Quando o caça chinês F-8 chocou-se com o avião espião americano EP-3E, no dia 1º de abril, estavam entrando em rota de colisão duas culturas separadas por um abismo. O acidente, a 176 quilômetros da costa sul da China, revelou que as diferenças entre países podem ser maiores do que a homogeneidade pretendida pela chamada globalização. As relações entre os Estados Unidos e a China exigiram trabalhos de recauchutagem ainda mais amplos do que os requeridos pelo avariado EP-3E, ou corriam o risco de se despedaçarem como o F-8. Na lista de possíveis avarias estavam o comprometimento dos US$ 156,3 bilhões do comércio bilateral e da nervosa acomodação geopolítica conseguida na Ásia. Os chineses mantinham cativos o EP-3E e seus 24 tripulantes, obrigados a fazer um pouso de emergência na ilha de Hainan, e queriam a suspensão dos vôos de espionagem em seu território, além de um contrito pedido de perdão. Os americanos estavam dispostos apenas a dizer que “lamentavam” todo o episódio. Na terça-feira 10, um compromisso foi finalmente montado por representantes dos dois países, onde Washington diz por escrito “sentir muito” o incidente. No dia seguinte, a China anunciava que iria soltar os detidos e aceitava as desculpas americanas. Assim, no primeiro incidente internacional sério que enfrentou, o governo de George W. Bush deu a impressão de ter capitulado.

O documento elaborado explora e evidencia as diferenças entre as linguagens dos dois países. Na China, pedidos de desculpas são tão importantes que existem profissionais no mercado contratados especialmente para isso. A própria palavra “desculpas” pode ter muitos significados, variando os graus de arrependimento. Já na língua inglesa, a palavra “sorry” é um pedido de desculpas mais brando, algo como “sinto muito”. O que os chineses desejavam era uma “apology”, que exprime muito mais contrição e reconhecimento da culpa. Caso essas nuances semânticas tivessem sido levadas ao pé da letra, o acordo poderia fracassar. O malabarismo vernacular permitiu jogar água numa fogueira de animosidades que ameaçavam queimar a complicada estrutura de relações bilaterais.
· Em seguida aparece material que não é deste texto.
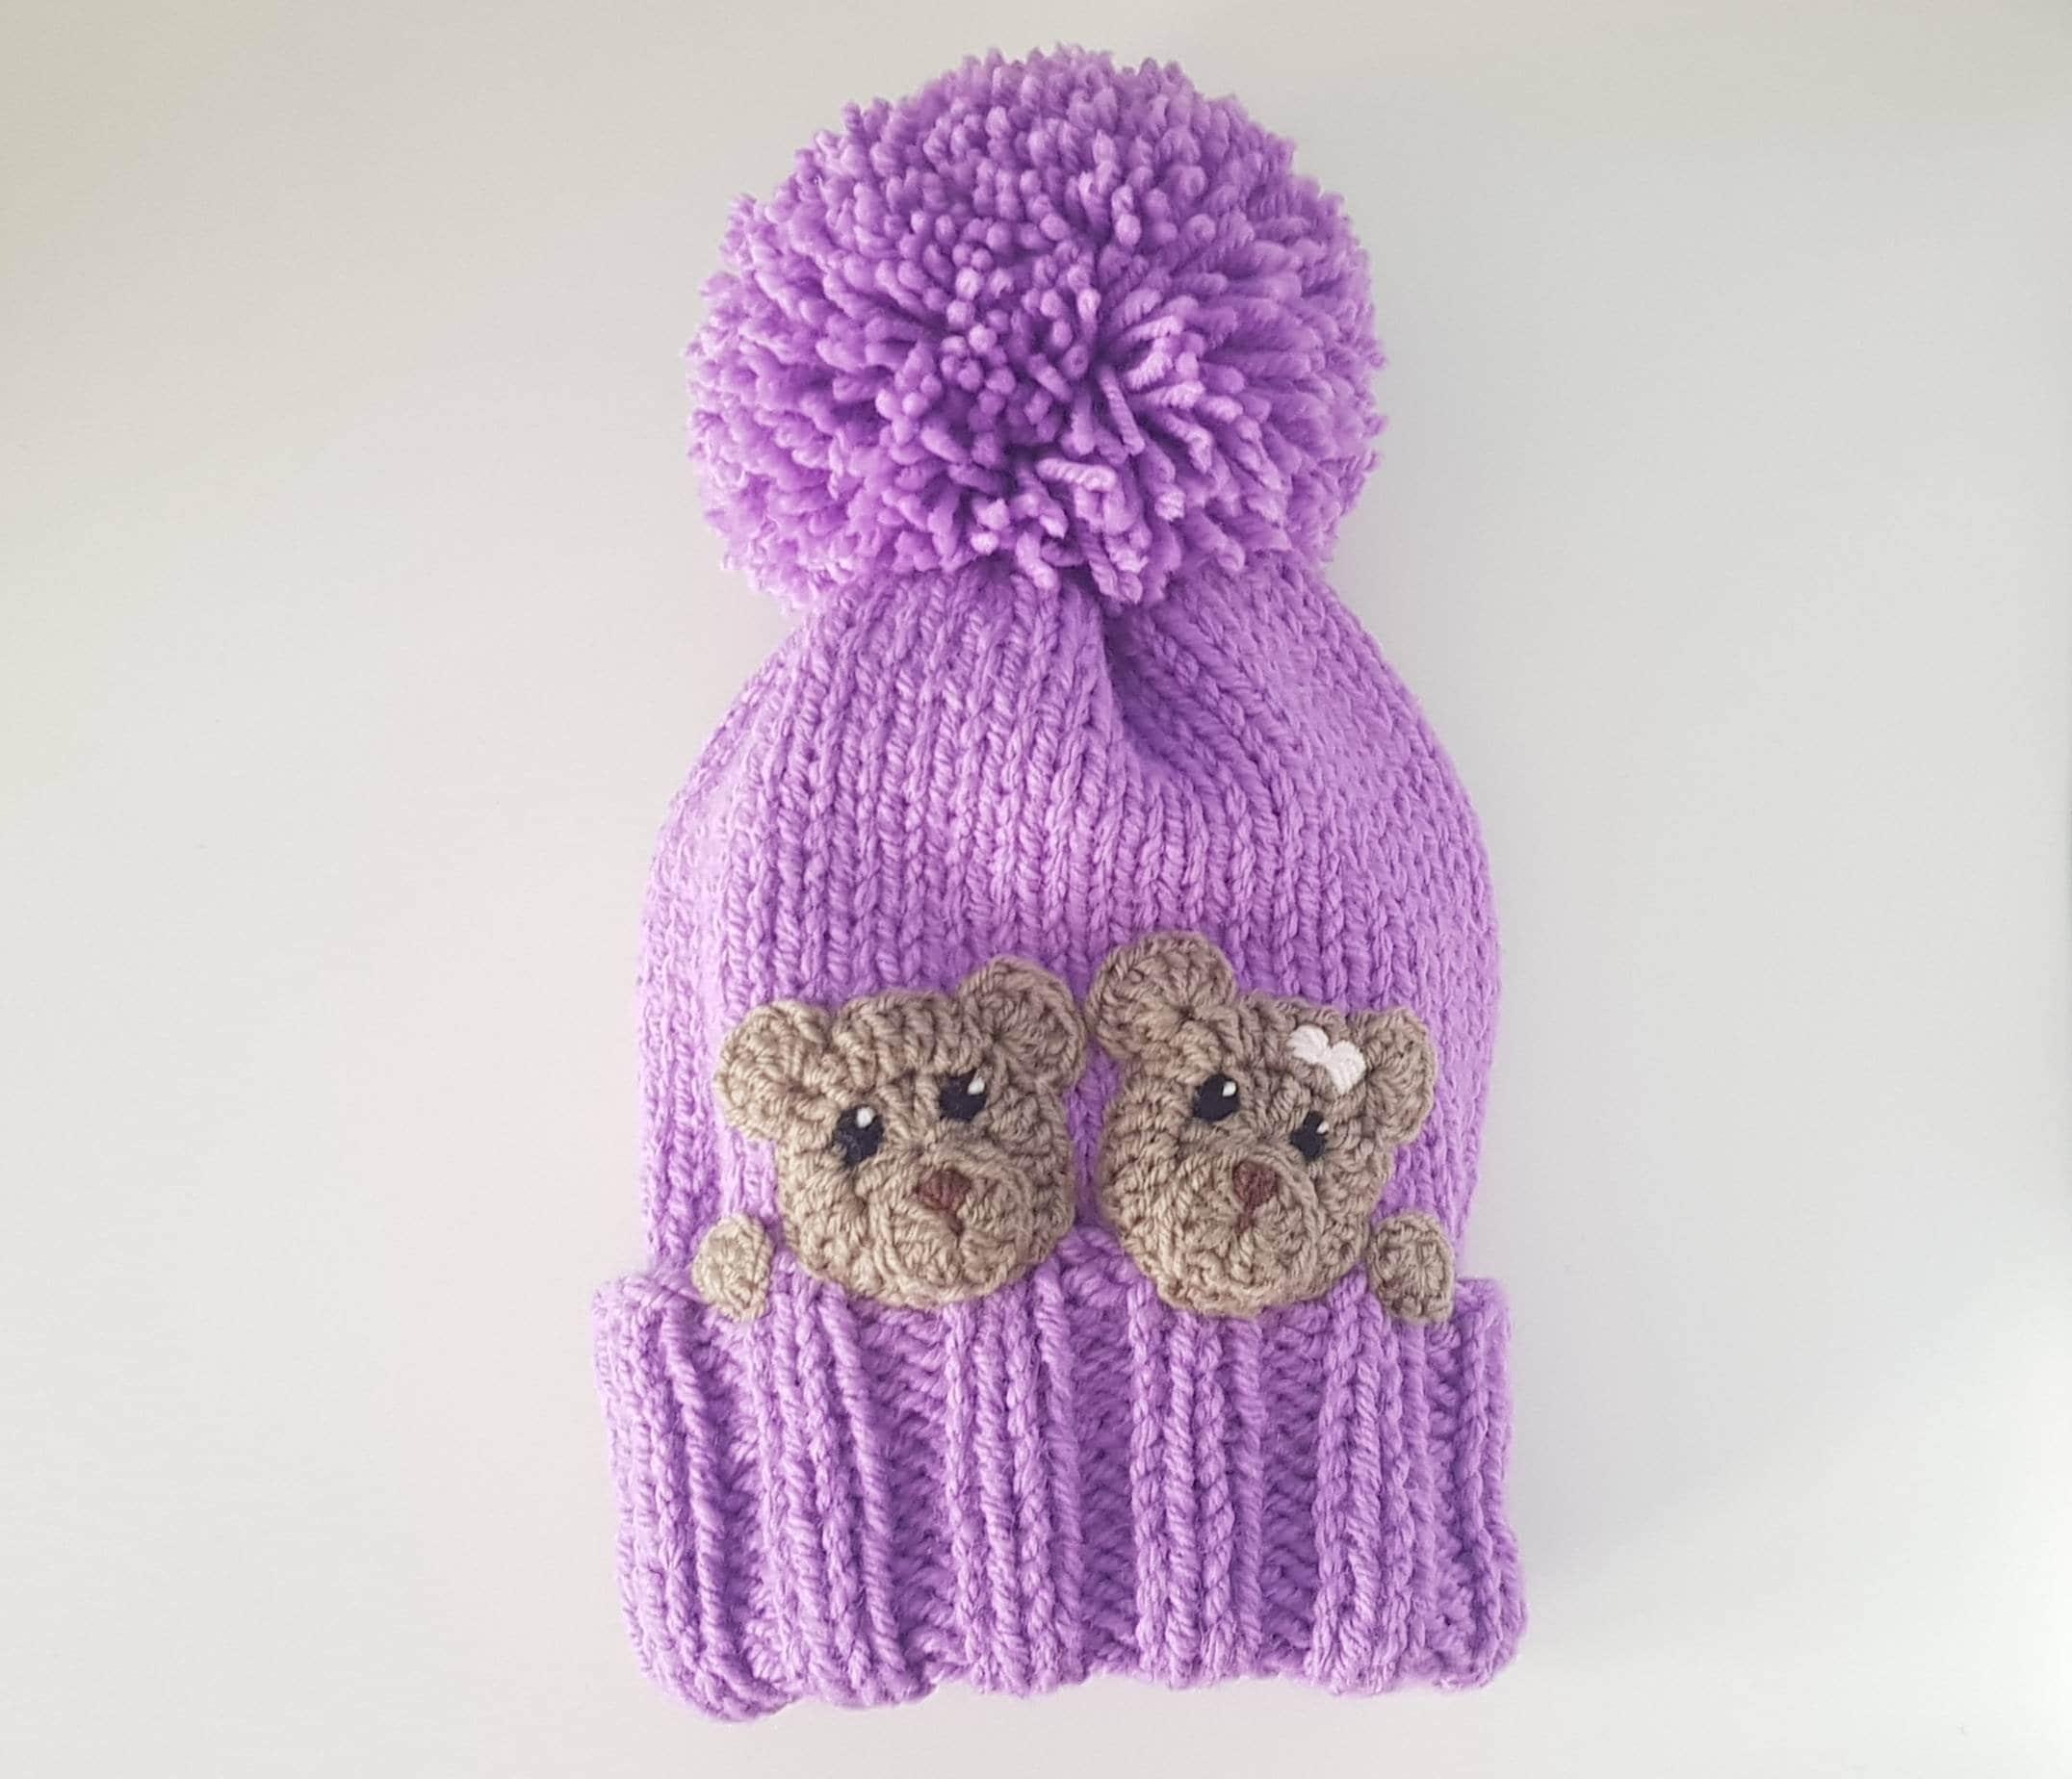 11273b16a Knit Winter Hat, Bear Hat, Kids Hat, Pom Pom Hat, Winter Outfit, Cute Girls  Hat, Beanie Hat, Knit Beanie, Animal Hat, Knit Kids Hat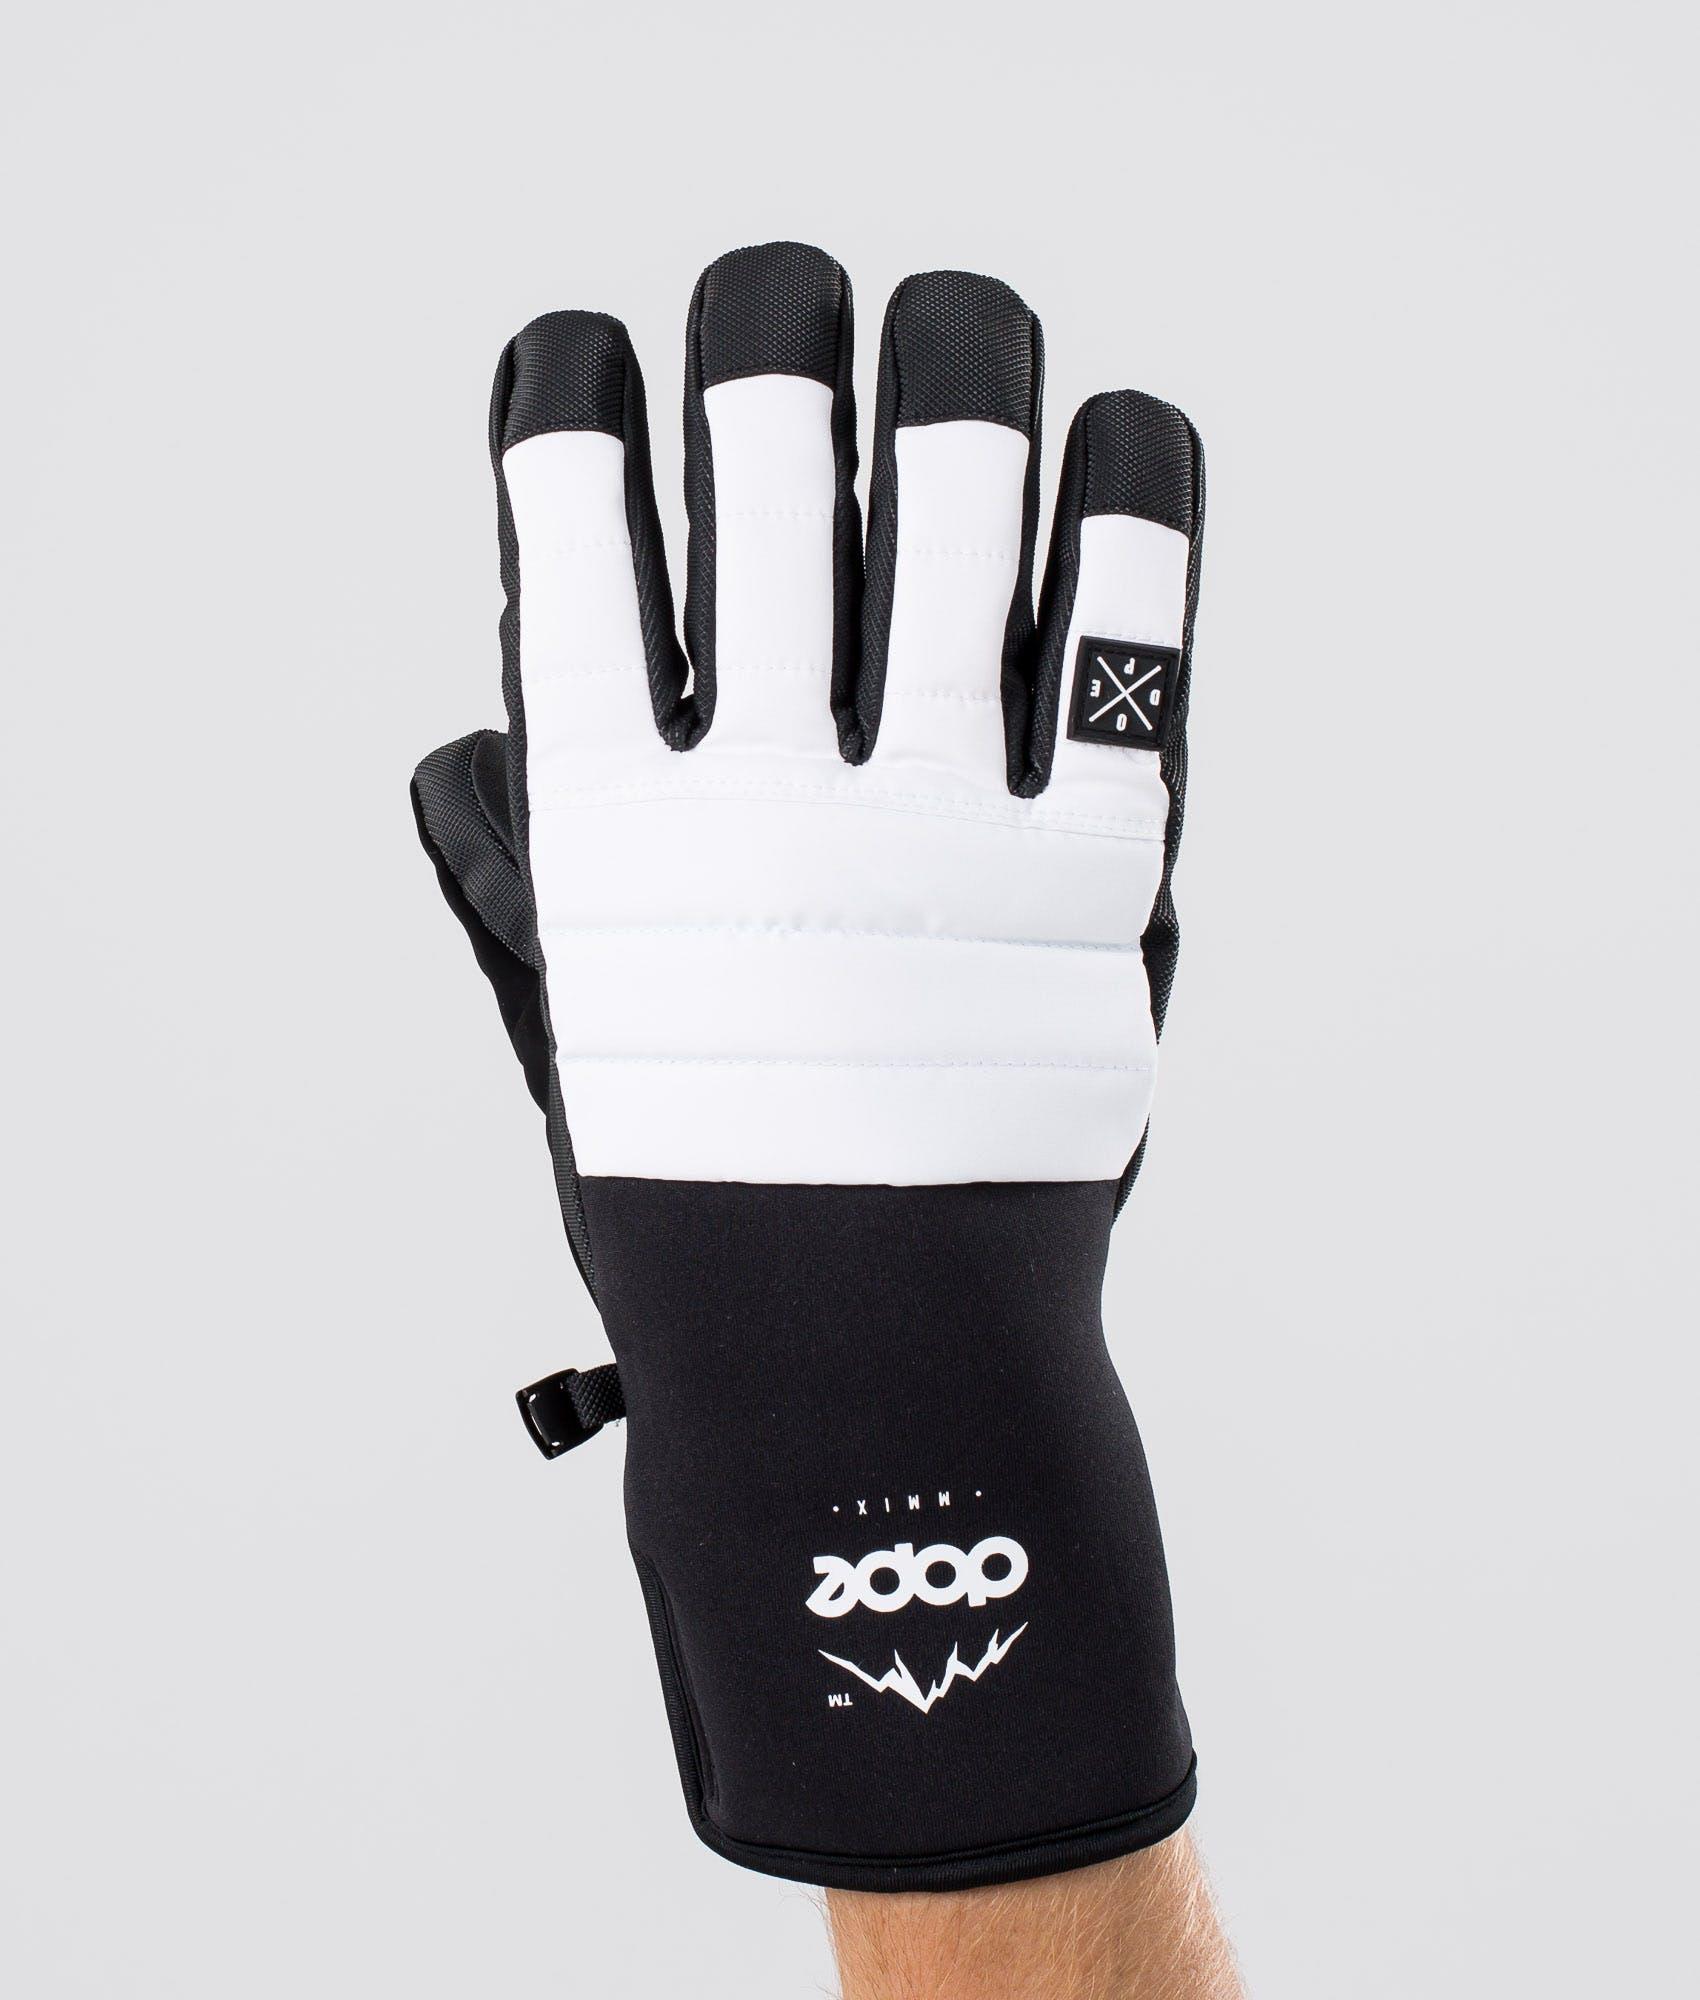 finger gloves

A Embaixada da China em Washington recebeu uma carta da gerência da supercadeia de lojas Wal-Mart relatando ter recebido milhares de telefonemas e e-mails de consumidores furiosos com a prolongada retenção dos prisioneiros americanos. Vários movimentos de boicote a produtos chineses começaram a ser articulados. No Congresso americano também eram ouvidos brados de fúria. “A posição intransigente dos chineses aumentou as probabilidades de o Legislativo aprovar a venda de mais armamentos sofisticados a Formosa, inclusive o sistema de defesa Aegis”, disse a ISTOÉ o deputado democrata Charles Rangel, de Nova York.

O problema é que a liderança chinesa também se deparou com o crescente descontentamento dos radicais do Zhongnanhai, o Congresso do Povo (Parlamento). Principalmente dos militares, que nos últimos anos perderam prestígio.

Resta saber como reagirá a linha-dura americana. O presidente George W. Bush vinha contentando o apetite destas feras ao declarar que considerava a China um “concorrente estratégico”, substituindo o termo “parceiro estratégico”que vinha sendo usado pelo governo anterior. Também sinalizava que estava disposto a armar melhor os militares de Formosa. Ao dizer “sorry” aos chineses, fica a impressão de que por baixo da pele de lobo usada por Bush está um cordeiro. Será necessário endurecer mais ainda no futuro para recuperar o respeito da matilha.